Why not use the good, old database concept?
Relational databases are very popular and have advantages but there are some certain use cases where they are not effective enough. First of all, they tend to be slow and not scalable. Also, security is often a big issue when exposed to the internet and need layers to be added to protect them. Log analysis is also a use case where relational databases are not ideal for two reasons. First, due to speed processing issues and second because they cannot store a very big amount of data. Relevance based searching is also a field where databases are not suitable. For example, when we search in the database for a specific term like “presentation”, the database will return if this term exists or not. On the contrary, Elasticsearch will return a relevance score like 0.65 for this term if it exists in uppercase like “Presentation”. This feature is very useful for specific use cases.
What is Elasticsearch, ELK Stack and Elastic Stack?
Elasticsearch is a distributed, open-source engine which can search and analyze all types of data (textual, numerical, geospatial, structured and unstructured), based on Apache Lucene library. Elasticsearch is a No SQL Database meaning that has no relations (non-relational database) and it is easier to scale as compared to a relational database. “ELK” is the acronym for three open source projects: Elasticsearch, Logstash, and Kibana.
- Elasticsearch is a search and analytics engine.
- Logstash is a server‑side data processing pipeline that ingests data from multiple sources simultaneously, transforms it, and then sends to Elasticsearch.
- Kibana lets users visualize data with charts and graphs in Elasticsearch.
The Elastic Stack is the combination of the three open-source projects. The last component of the stack, the Beats is a family of lightweight, single-purpose data shippers that were added into the ELK Stack equation.
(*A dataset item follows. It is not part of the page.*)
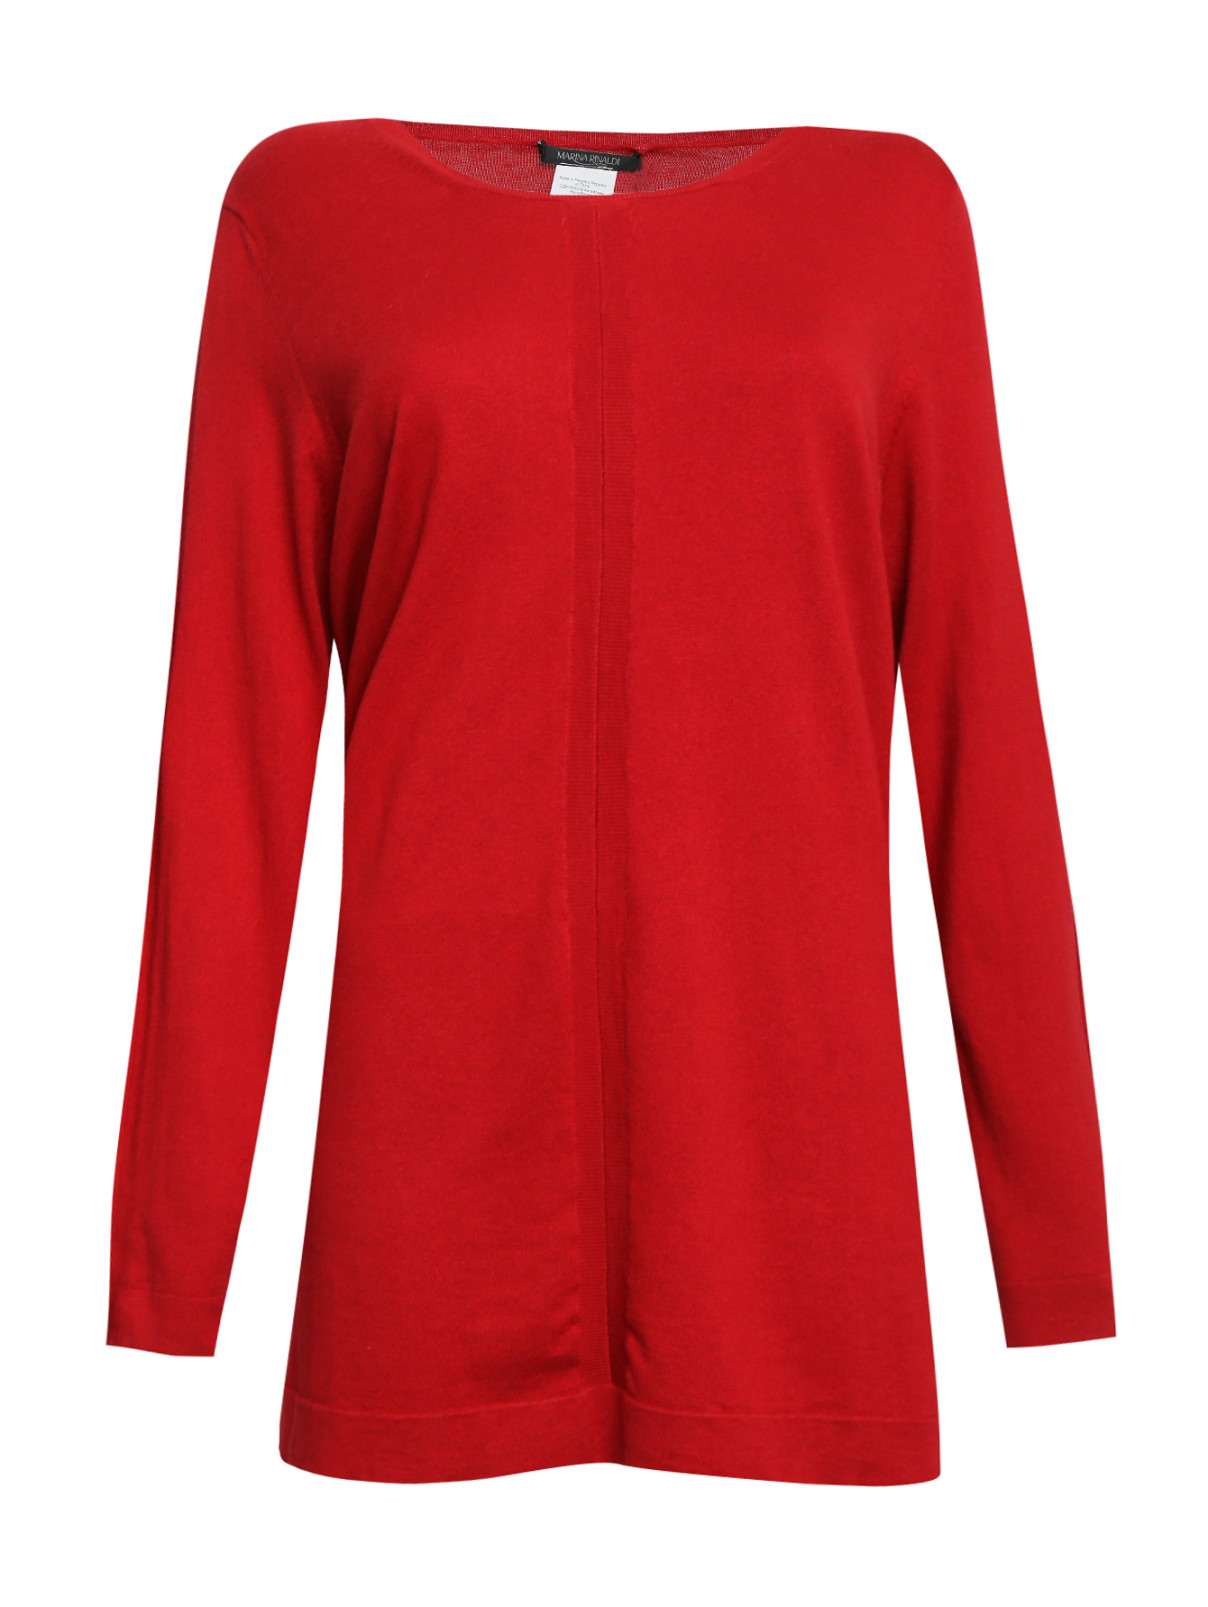 Джемпер из шелка и хлопка свободного кроя Marina Rinaldi  –  Общий вид  – Цвет:  Красный

Where is Elastic Stack used?
With well over 100 million downloads Elastic Stack is suitable for many use cases such as:
- Security analytics
- Logging and log analytics
- Business analytics
- Infrastructure metrics and container monitoring
- Application performance monitoring
- Application search
Why is it so popular?
First of all, Elastic Stack is fast, meaning the latency from the time a source is indexed until it becomes searchable is very short. That’s why it is well suited for time-sensitive use cases such as security analytics and infrastructure monitoring. Elastic Stack is scalable and distributed. The created indices are divided into components called shards (explained below) and each shard can have zero or more replicas. Rebalancing and routing are done automatically. Related data is often stored in the same index, which consists of one or more primary shards, and zero or more replica shards. The shard component initiates the feature of redundancy, which can overcome issues like hardware failures. This form of scalability allows it to handle huge amounts of data. In conclusion, the Elastic Stack makes the log management process a very simple task.
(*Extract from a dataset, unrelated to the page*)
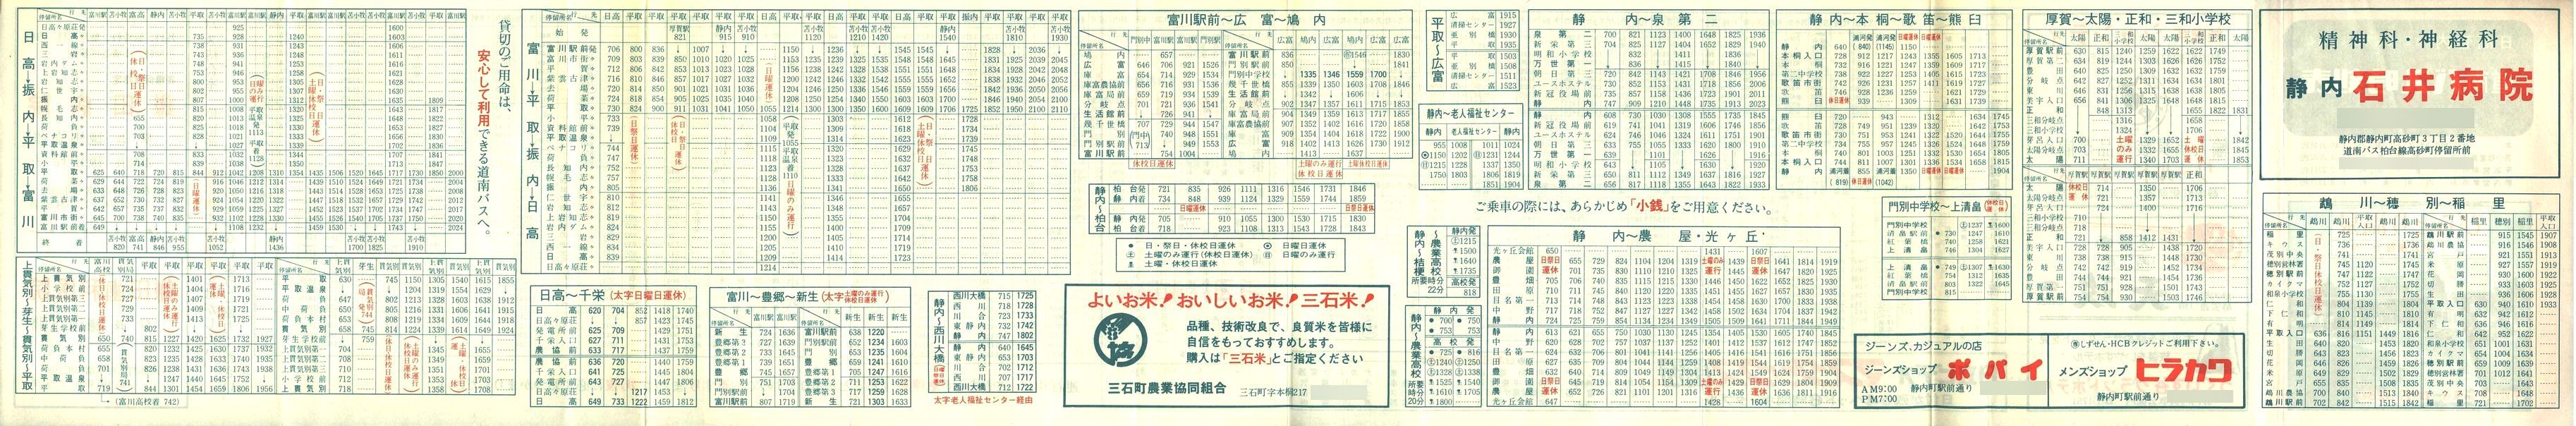 1982-04-04改正_道南バス_日高管内時刻表裏面

How does Elasticsearch work?
Raw data flows into Elasticsearch from a variety of sources, including log files, system metrics, and web applications. Data ingestion is the process by which this raw data is parsed, normalized, and enriched before it is indexed in Elasticsearch. Once indexed in Elasticsearch, users can run complex queries against their data and use aggregations to retrieve complex summaries of their data. From Kibana, users can create powerful visualizations of their data, share dashboards, and manage the Elastic Stack.
What is an Elasticsearch index?
An Elasticsearch index is a collection of documents that are related to each other. Elasticsearch stores data as JSON documents. Each document correlates a set of keys (names of fields or properties) with their corresponding values (strings, numbers, Booleans, dates, arrays of values, geolocations, or other types of data). Elasticsearch uses a data structure called an inverted index, which is designed to allow very fast full-text searches. An inverted index lists every unique word that appears in any document and identifies all of the documents each word occurs in. During the indexing process, Elasticsearch stores documents and builds an inverted index to make the document data searchable in near real-time. Indexing is initiated with the index API, through which you can add or update a JSON document in a specific index. As an analogy of the database schema, the index is the database.
Ok, but Elasticsearch uses Inverted Index!
The inverted index is actually the mechanism by which the search engine works. The inverted index actually maps the things that can be searched within the documents, to the documents that those things exist.
What is an Elasticsearch document?
A document is a JSON object which is stored in Elasticsearch. It is like a row in a table in a database. Each document is stored in an index and has a data type that describes what sort of thing this document is. It also has an id and it contains zero or more fields or key-value pairs.
What is a cluster in Elasticsearch?
A cluster consists of one or more nodes that share the same cluster name. Each cluster has a single master node which can be replaced if the current master node fails.
What is a node in Elasticsearch?
A node is a running instance of Elasticsearch which belongs to a cluster. Multiple nodes can be started on a single server. At startup, a node will use unicast to discover an existing cluster with the same cluster name and will try to join that cluster.
What is a shard?
Because Elasticsearch is a distributed search engine, an index is usually split into elements known as shards that are distributed across multiple nodes. Elasticsearch automatically manages the arrangement of these shards. It also rebalances the shards as necessary, so users need not worry about the details. Each document is stored in a single primary shard. When you index a document, it is indexed first on the primary shard, then on all replicas of the primary shard. By default, an index has 5 primary shards. Each primary shard can have zero or more replicas. A replica is a copy of the primary shard. By default, there is one replica for each primary shard.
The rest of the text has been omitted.